Sarah Kate Silverman doesn't like PC, either.

Sarah Silverman is saucy and attractive, too. If you don't think that's very important, you're wrong--but you can write us an angry letter, not invite us to parties, or tip off Nina Totenberg and NPR.

The Future is Not for Weenies. We have this Vision of It:

When politically-correct culture, and other goofy forced-conformity social agendas wane and disappear, you will be able to say what you want. (Okay, anything that puts kids at risk--and about Mothers--will not be fair play.) You will use words like "secretary", "stewardess"--and even "stew", if you've had a few drinks on the plane.

If you're a lawyer, you will start using the term "Chinese wall" again. You will be able to swear, and loudly, in the workplace, and start war stories with: "You know, I had this case in the Southern District, back in 1987, when men were men."

After the Revolution, you will be able to flirt, and be playful and even a tad eccentric, at work.

If someone you work with is lazy, you will be able to say things like, whoa, that dude Josh "is lazy" rather than have to say it's so awesome that Josh is "low profile/independent/a team member requiring minimal face time/empowered by his flexible hour arrangement/a pioneer in work-life balance".

The expression "Not Work-Oriented" will be okay, too.

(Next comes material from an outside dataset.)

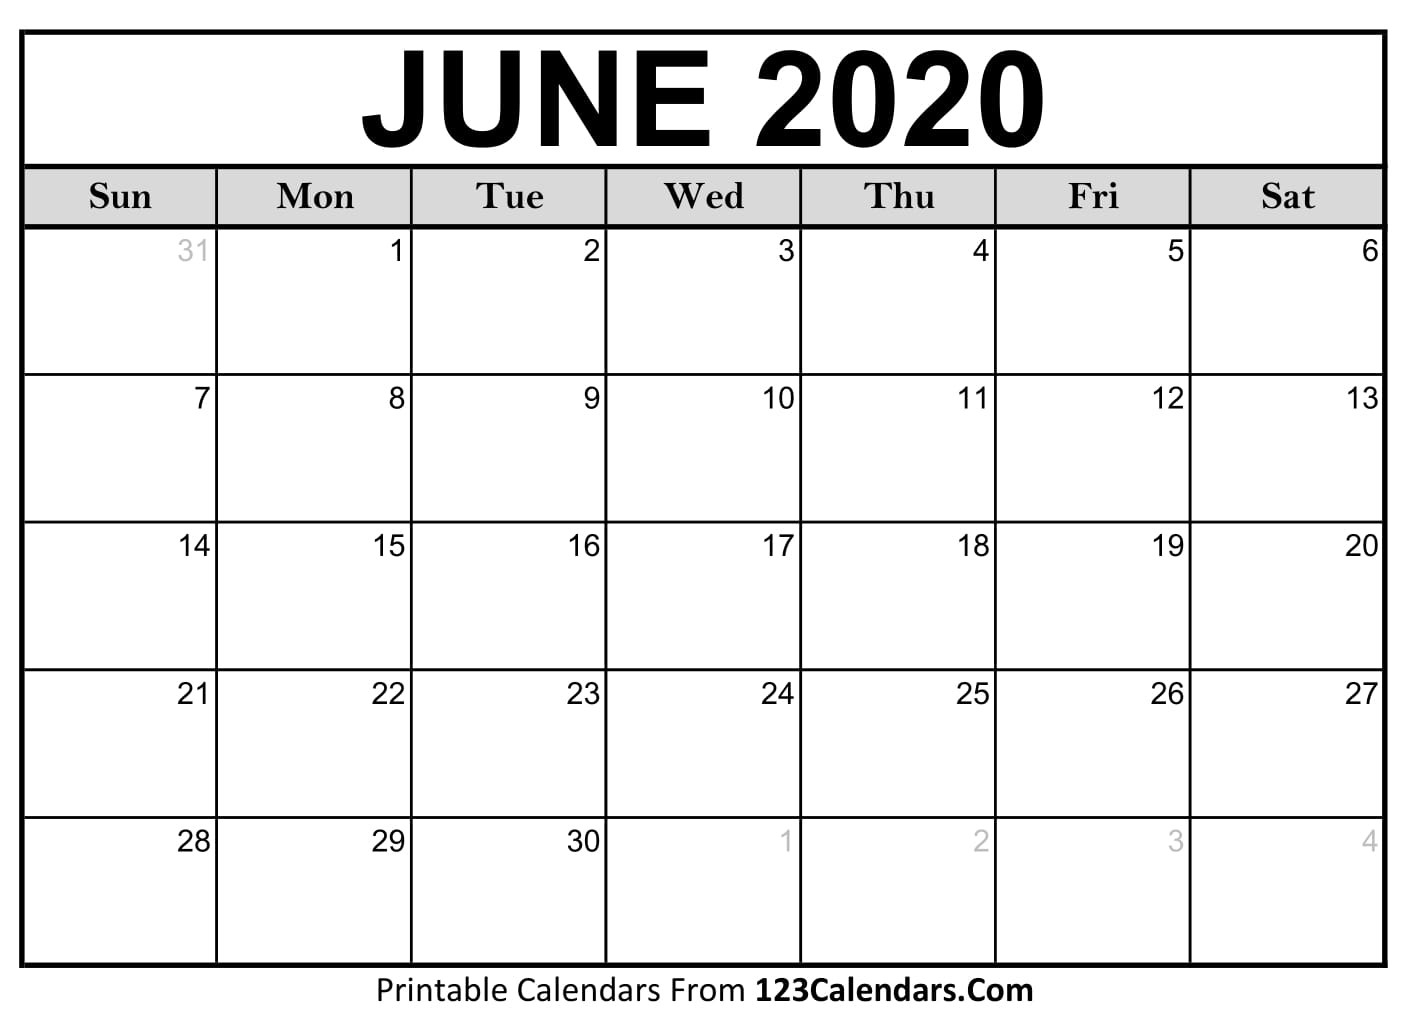 June 2020 Printable Calendar | 123Calendars-Blank Calendarjune 2020 Printable Monthly

Using "not work-oriented" rather than "lazy" is also a proven attention-getter. Granted, it's too indirect. It's soft. Sounds a bit PC. But think of it as a transitional term you can employ until people start saying what they mean.

For example, we have used "not work-oriented" frequently in recent years in telephone conversations with people, unknown to us, who check references, of former employees, who we know too well. Saying that your ex-employee Kendall, who had top grades at Dartmouth and Duke Law, and had interviewed well, is "not work-oriented" is easier, faster and frankly more fun than struggling through on the phone with:

Mr. Bloor, it just wasn't a 'fit'. Kendall has many gifts. But we always knew she would flourish more in an alternative work setting where, you know, team members were, uh, not required to do any work per se, or actually perform, or add value. You know what I mean.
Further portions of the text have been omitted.